PROBLEM DESCRIPTION >> Pictures in the data should be dropped; transcribe exactly the lines from the one that has "New World Phú" through the one that has "den-breejen-logo-infra".

RECORDS FOR THIS TASK >>
● ● ● ● ●
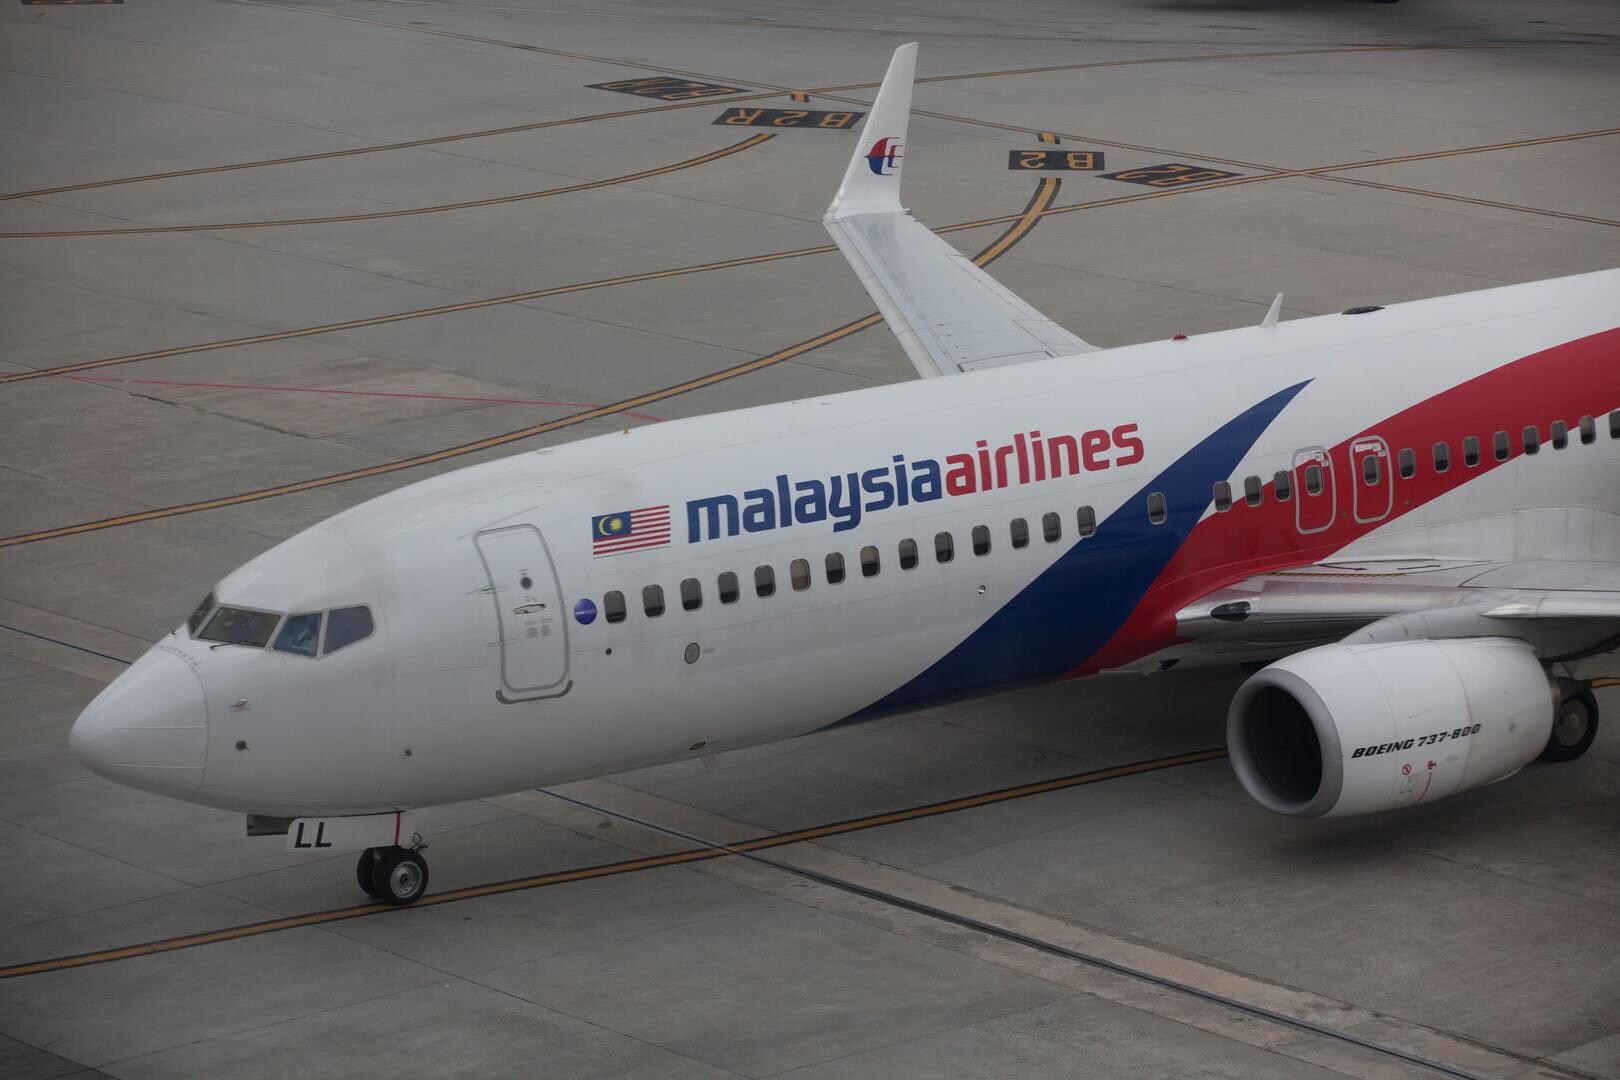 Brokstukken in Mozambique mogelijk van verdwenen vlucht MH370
● ● ● ● ●
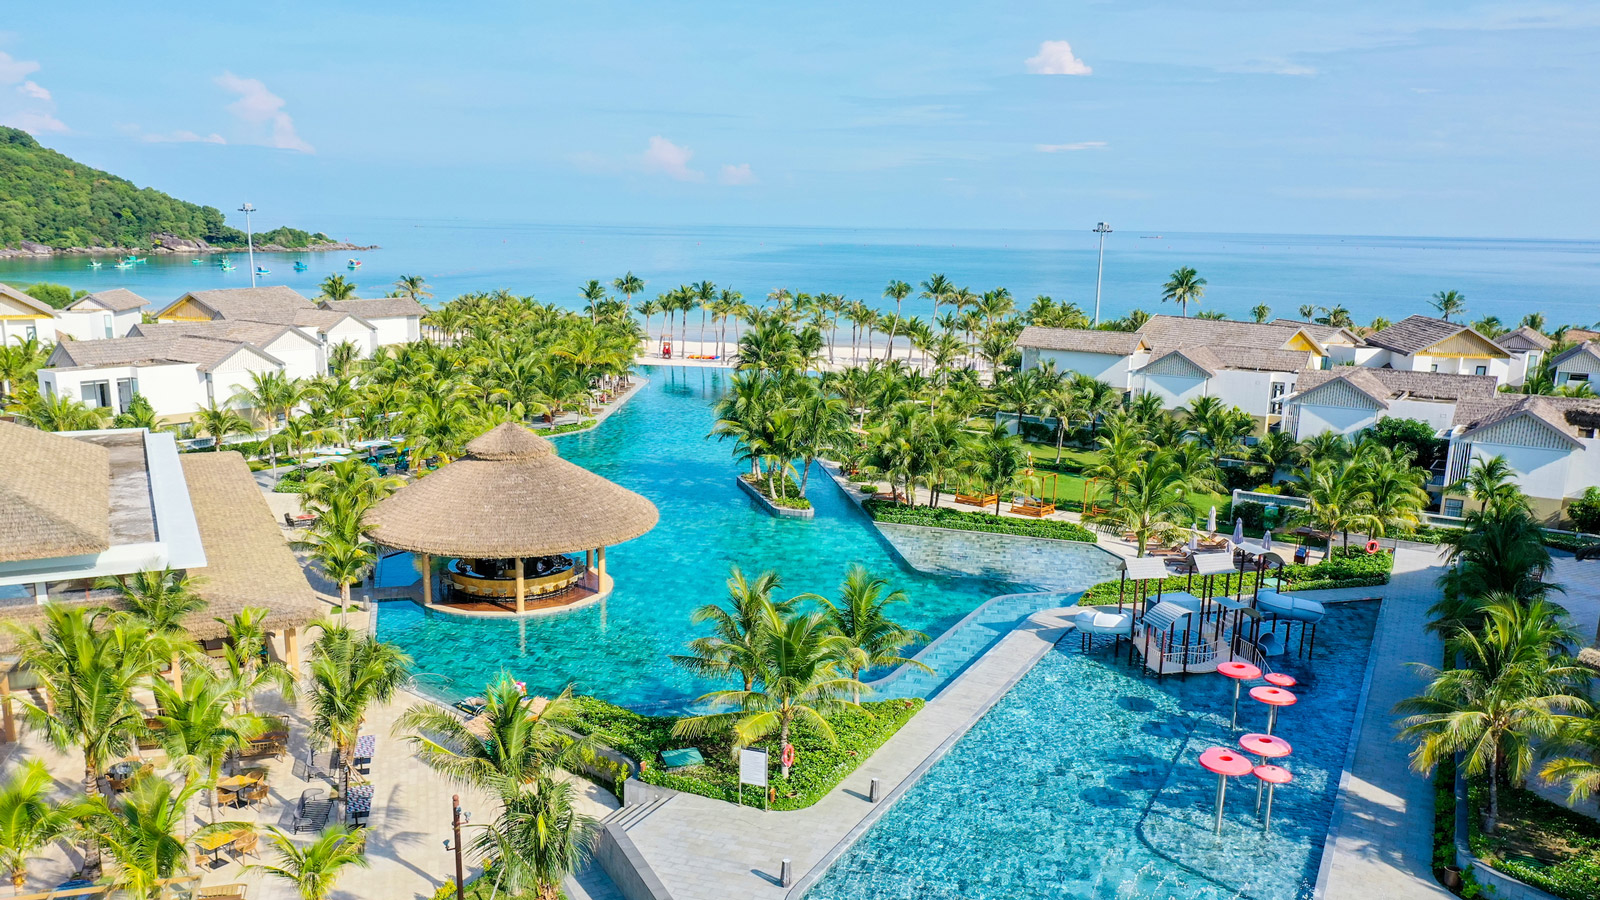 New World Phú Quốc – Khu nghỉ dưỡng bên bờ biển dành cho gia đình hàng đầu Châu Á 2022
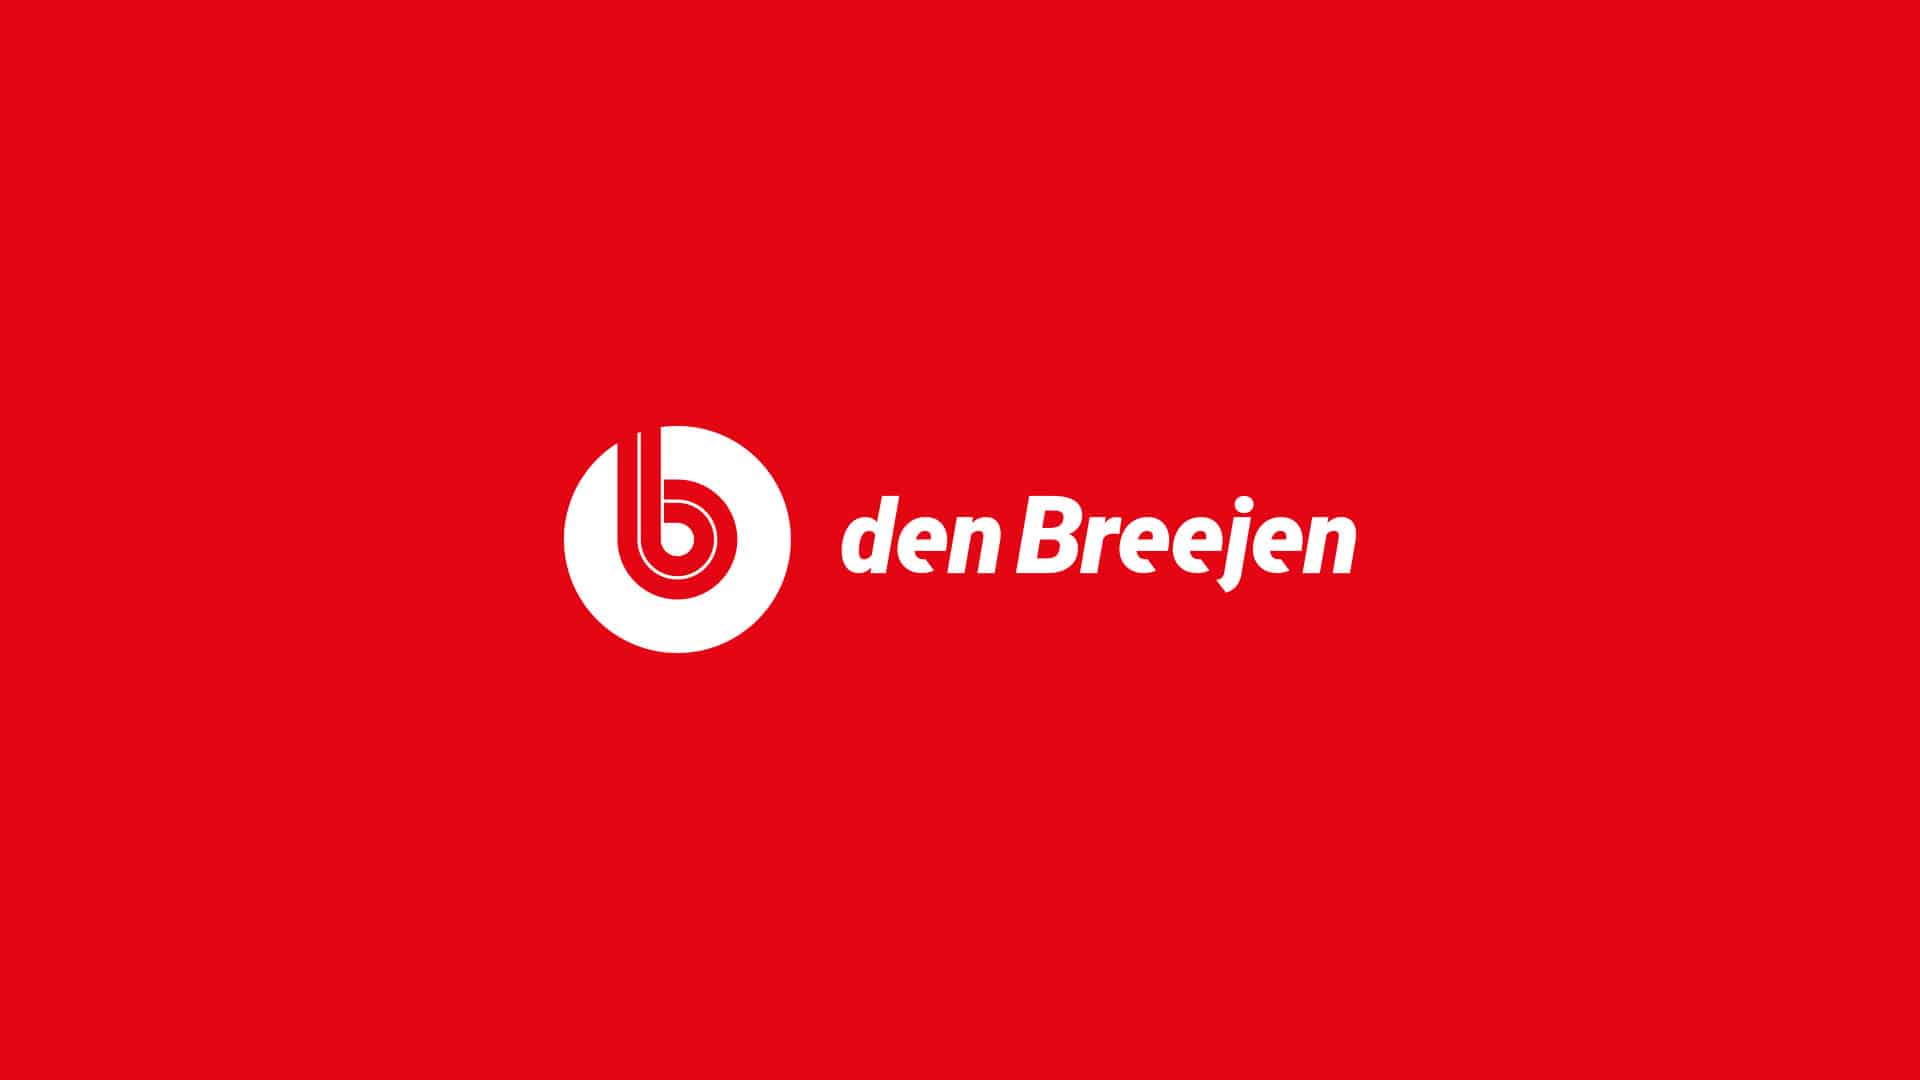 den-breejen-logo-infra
● ● ● ● ●
RESPONSE TO THE TASK >>
 New World Phú Quốc – Khu nghỉ dưỡng bên bờ biển dành cho gia đình hàng đầu Châu Á 2022
 den-breejen-logo-infra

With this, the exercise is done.